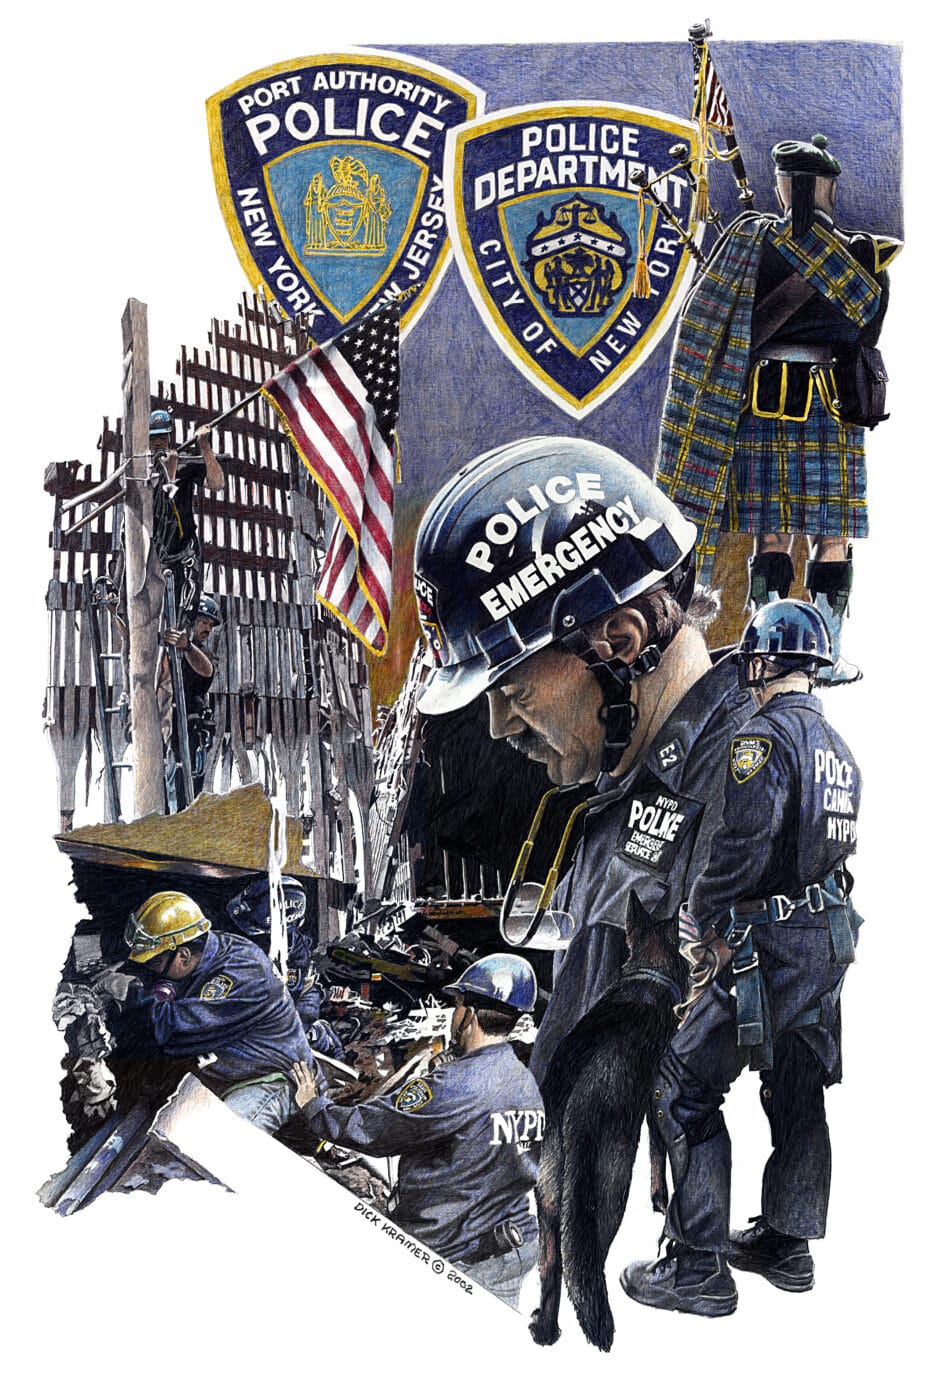 September 11 art by Dick Kramer
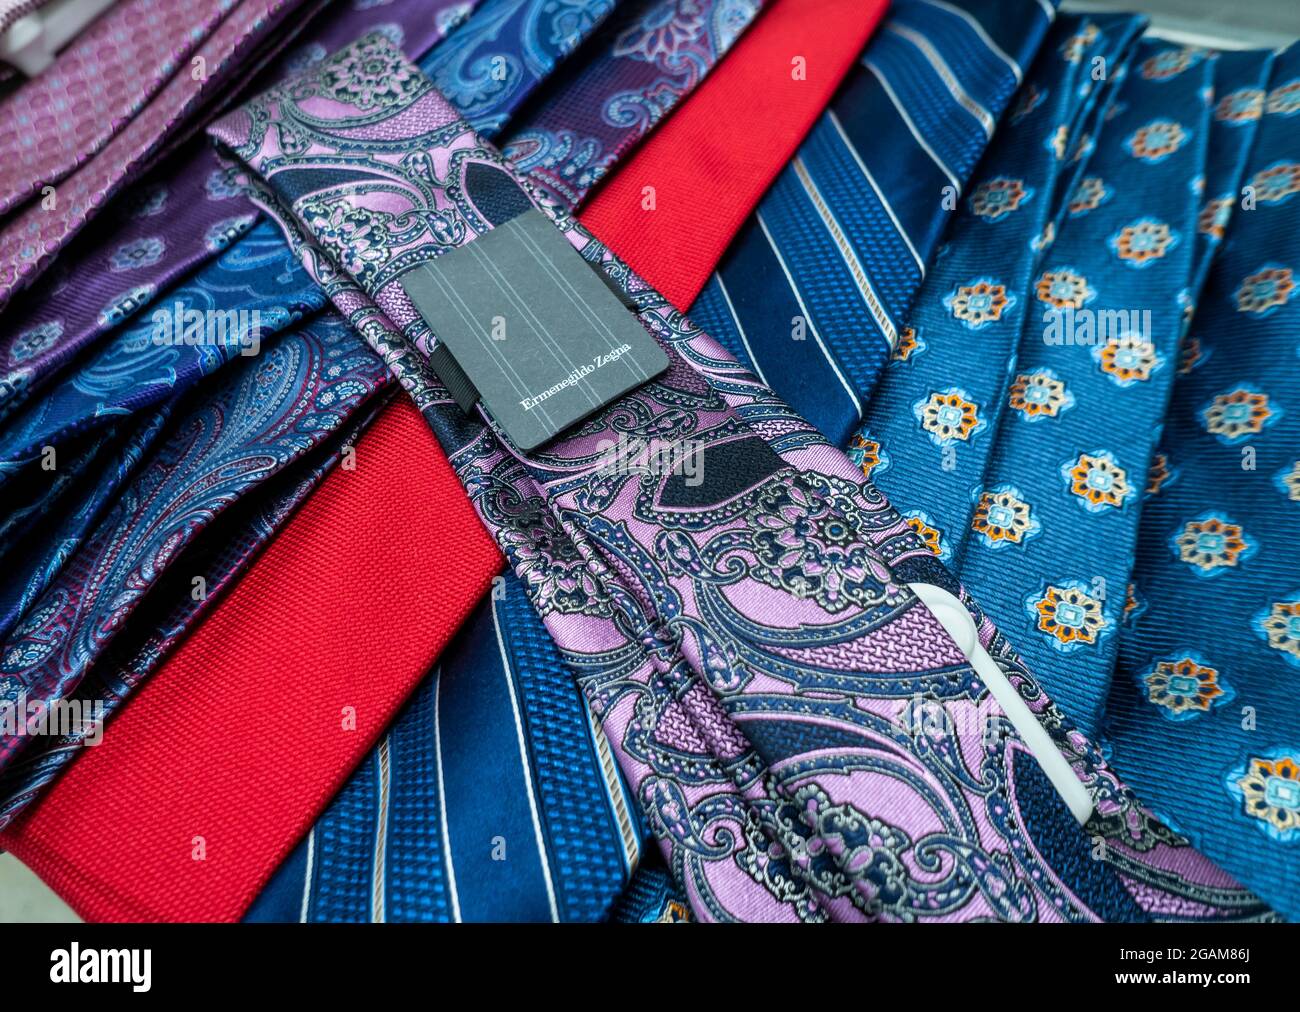 Una corbata Ermenegildo Zegna se ve en una tienda de departamentos en Nueva York con otras marcas el martes, 20 de julio de 2021. Ermenegildo Zegna es reportado ser público a
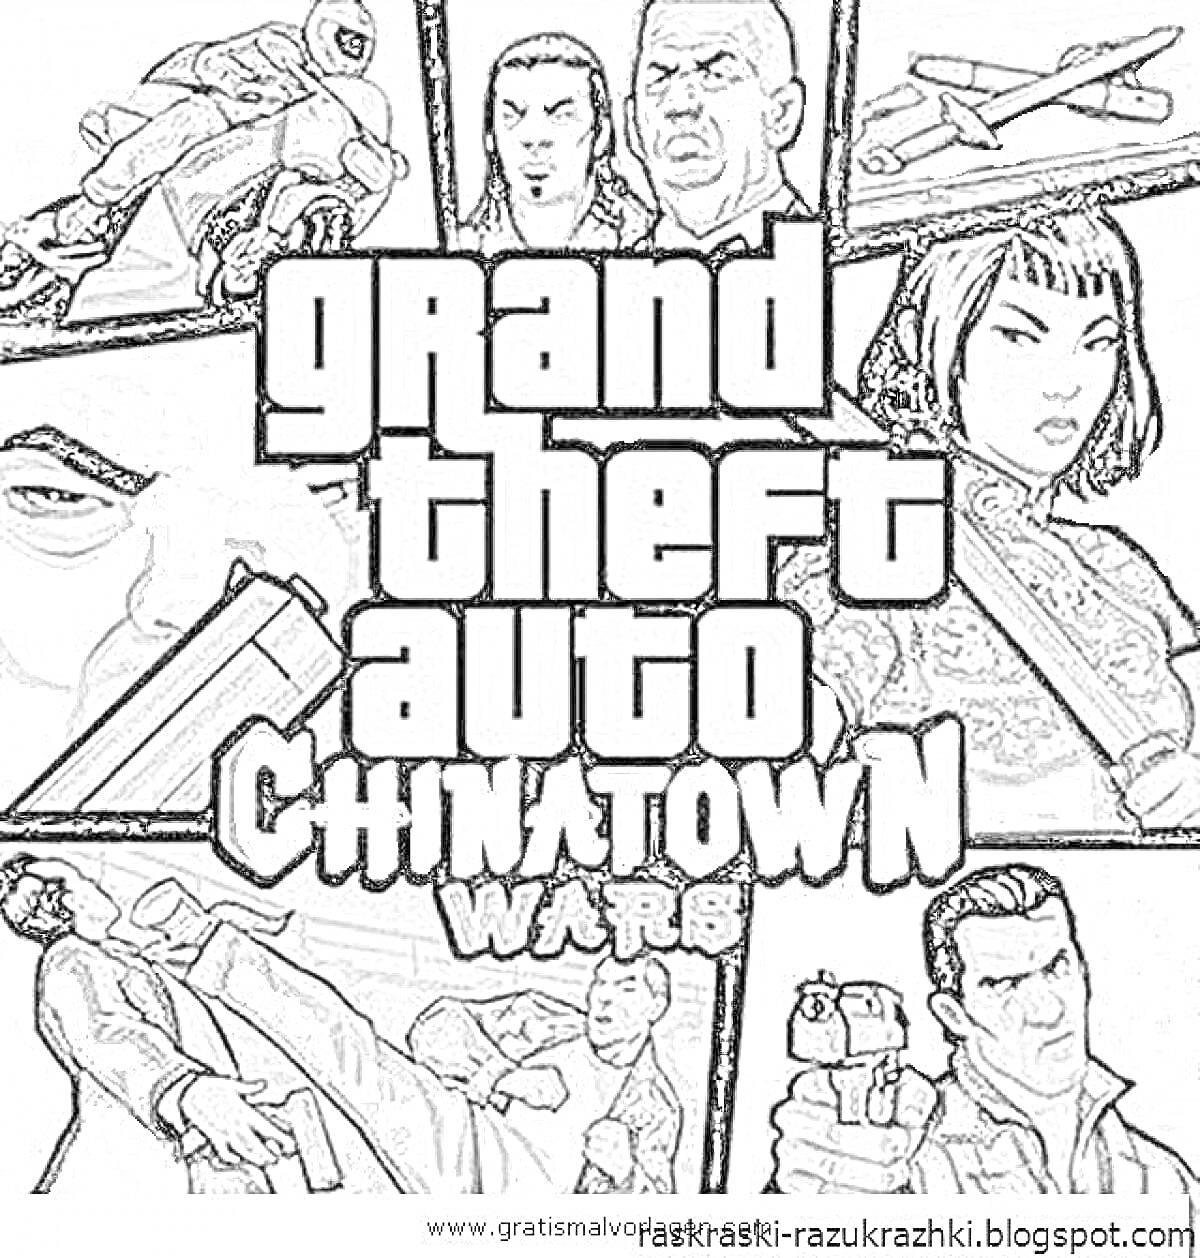 Grand Theft Auto Chinatown Wars с изображением сцены с наездником на мотоцикле, автомобильной погони и различных персонажей

┄┄┄┄┄┄

_Task objective_:
Give the data again exactly, without pictures.

_Exercise response_:
 September 11 art by Dick Kramer
 Una corbata Ermenegildo Zegna se ve en una tienda de departamentos en Nueva York con otras marcas el martes, 20 de julio de 2021. Ermenegildo Zegna es reportado ser público a
 Grand Theft Auto Chinatown Wars с изображением сцены с наездником на мотоцикле, автомобильной погони и различных персонажей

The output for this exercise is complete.